Description of the task.
Your reply should set down word for word each line below from the one with "Christmas Desktop Wallpapers" through the final line, both included, but none of the pictures.

Data block.
*-*-*

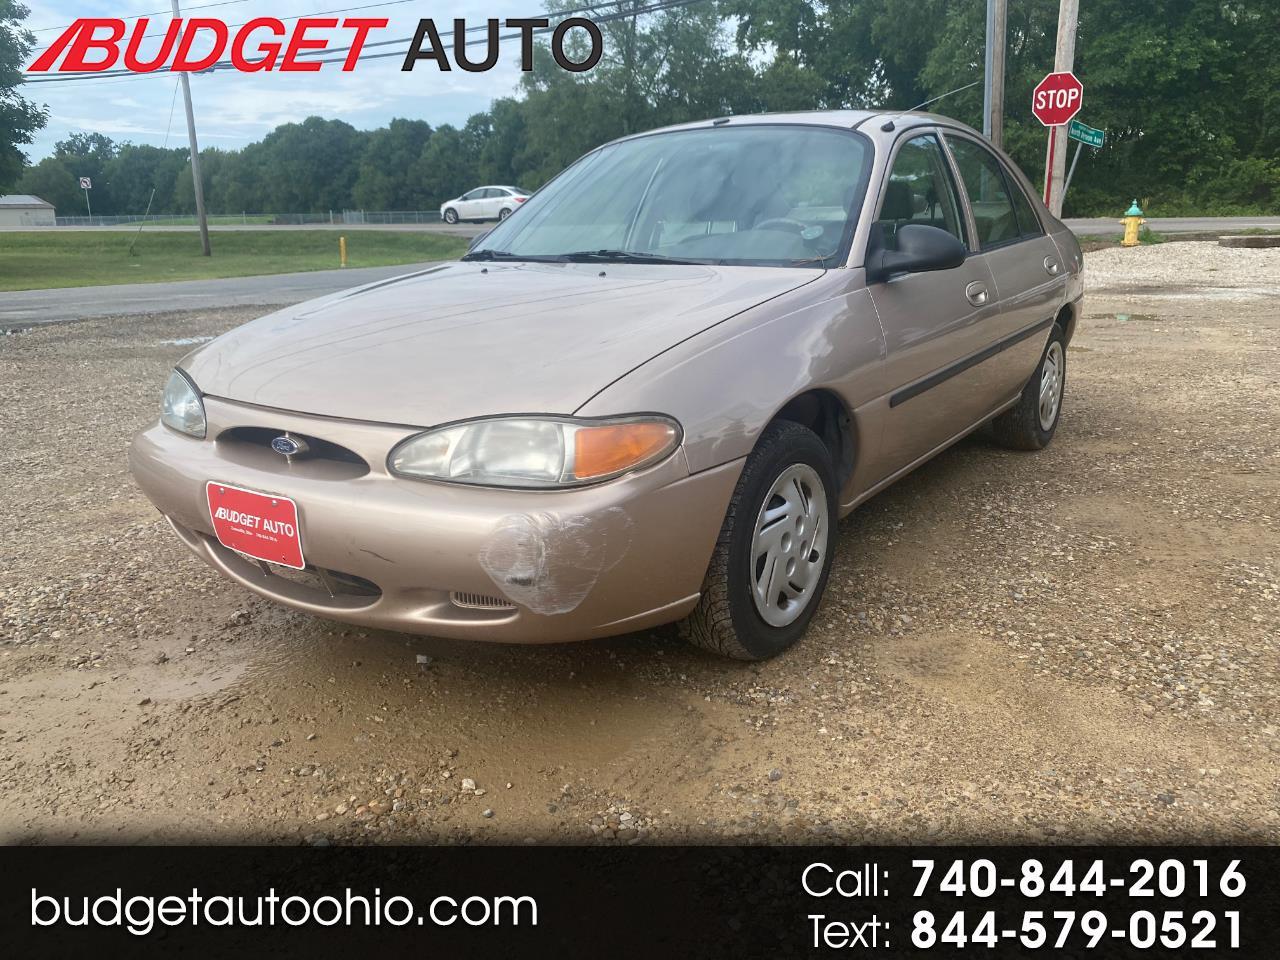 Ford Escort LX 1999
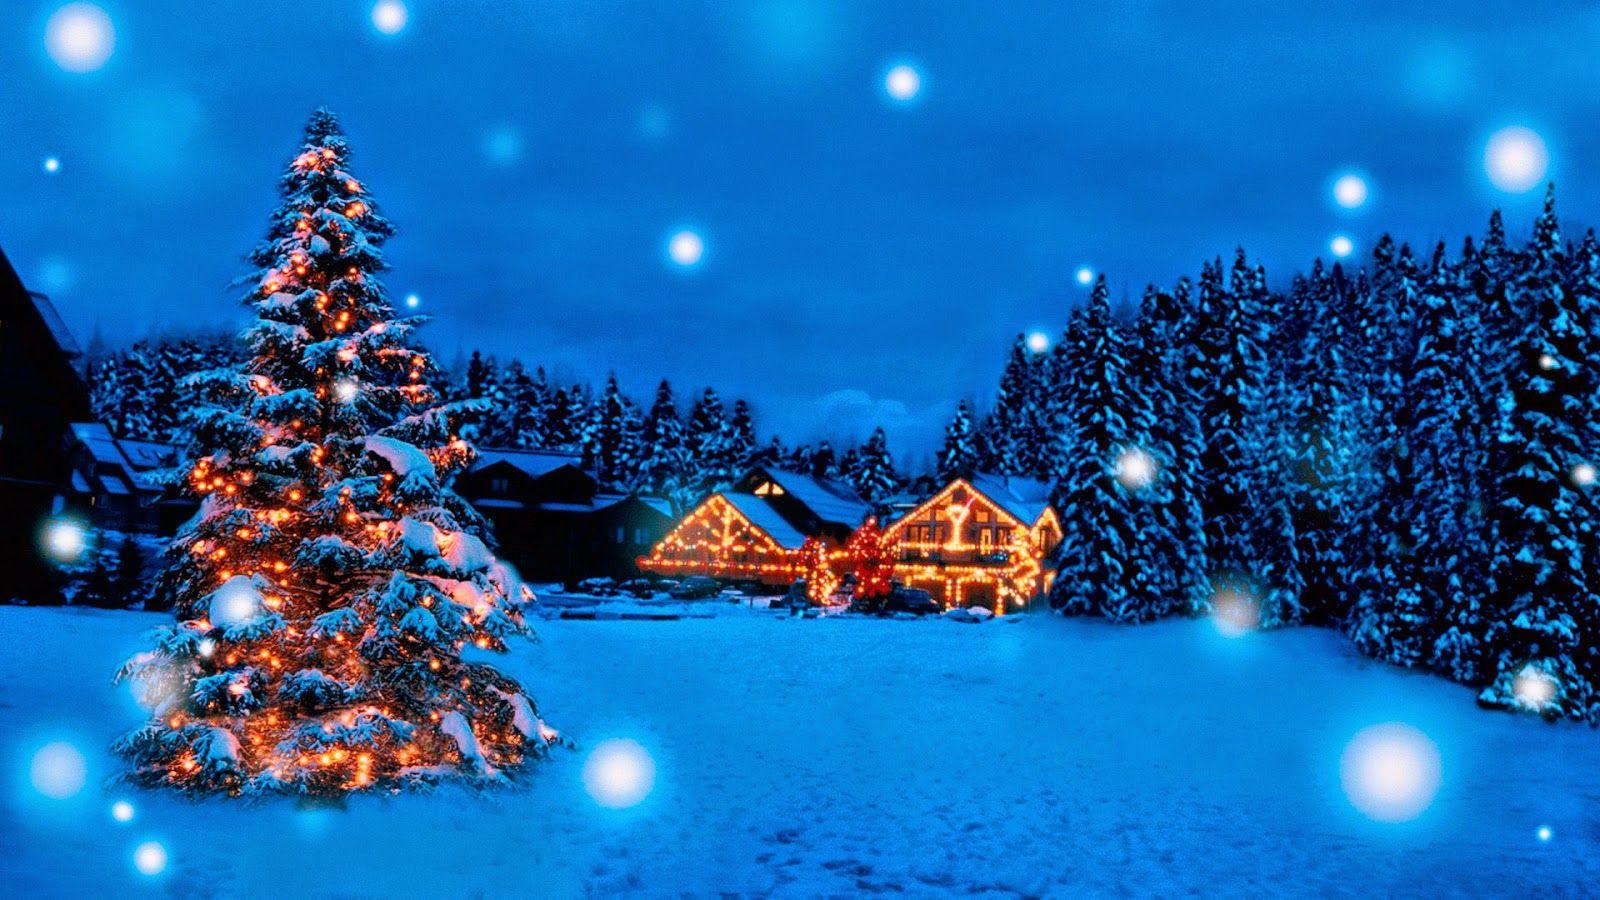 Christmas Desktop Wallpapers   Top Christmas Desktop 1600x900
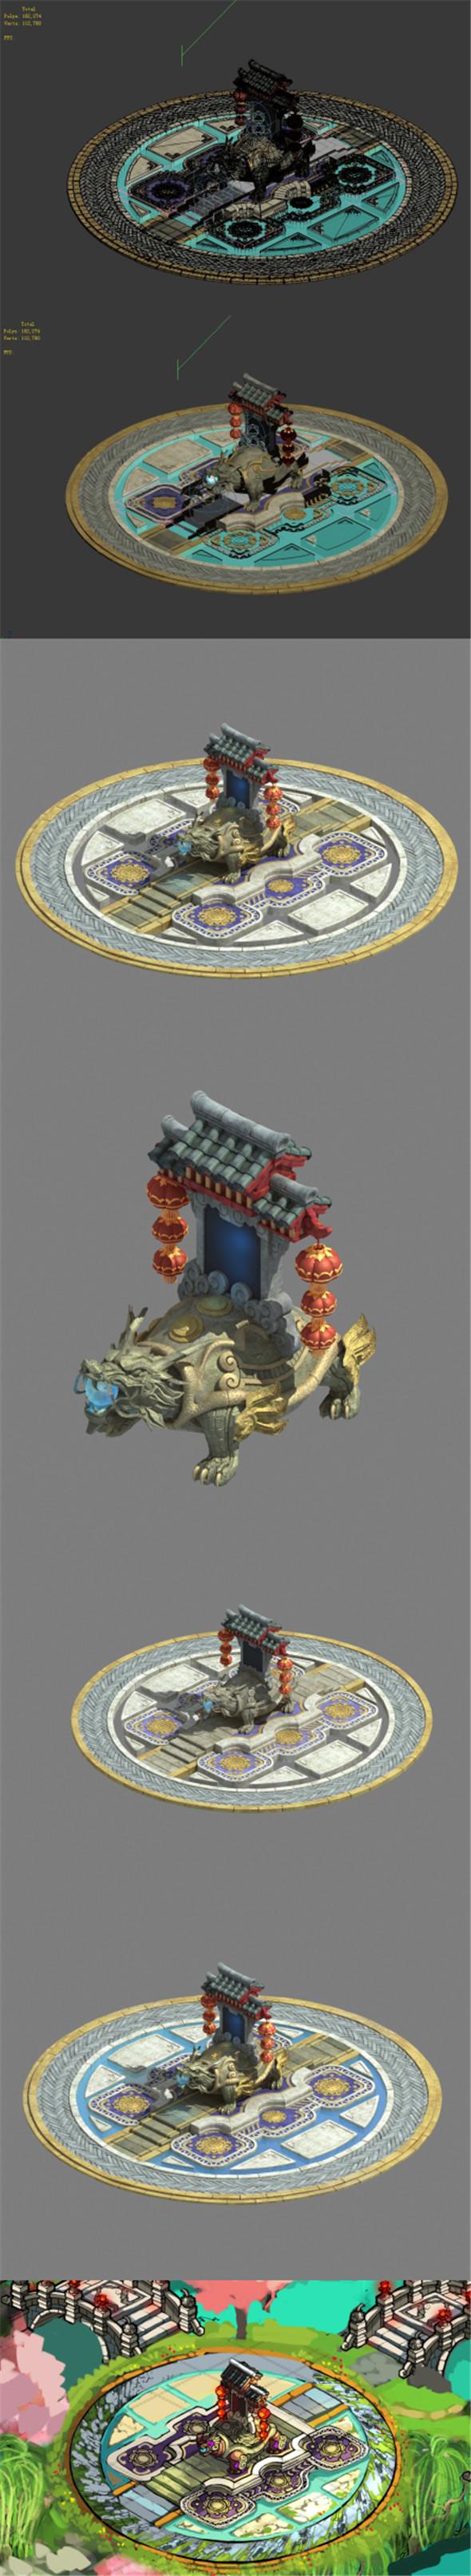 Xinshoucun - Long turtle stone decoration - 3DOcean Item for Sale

*-*-*

Output.
 Christmas Desktop Wallpapers   Top Christmas Desktop 1600x900
 Xinshoucun - Long turtle stone decoration - 3DOcean Item for Sale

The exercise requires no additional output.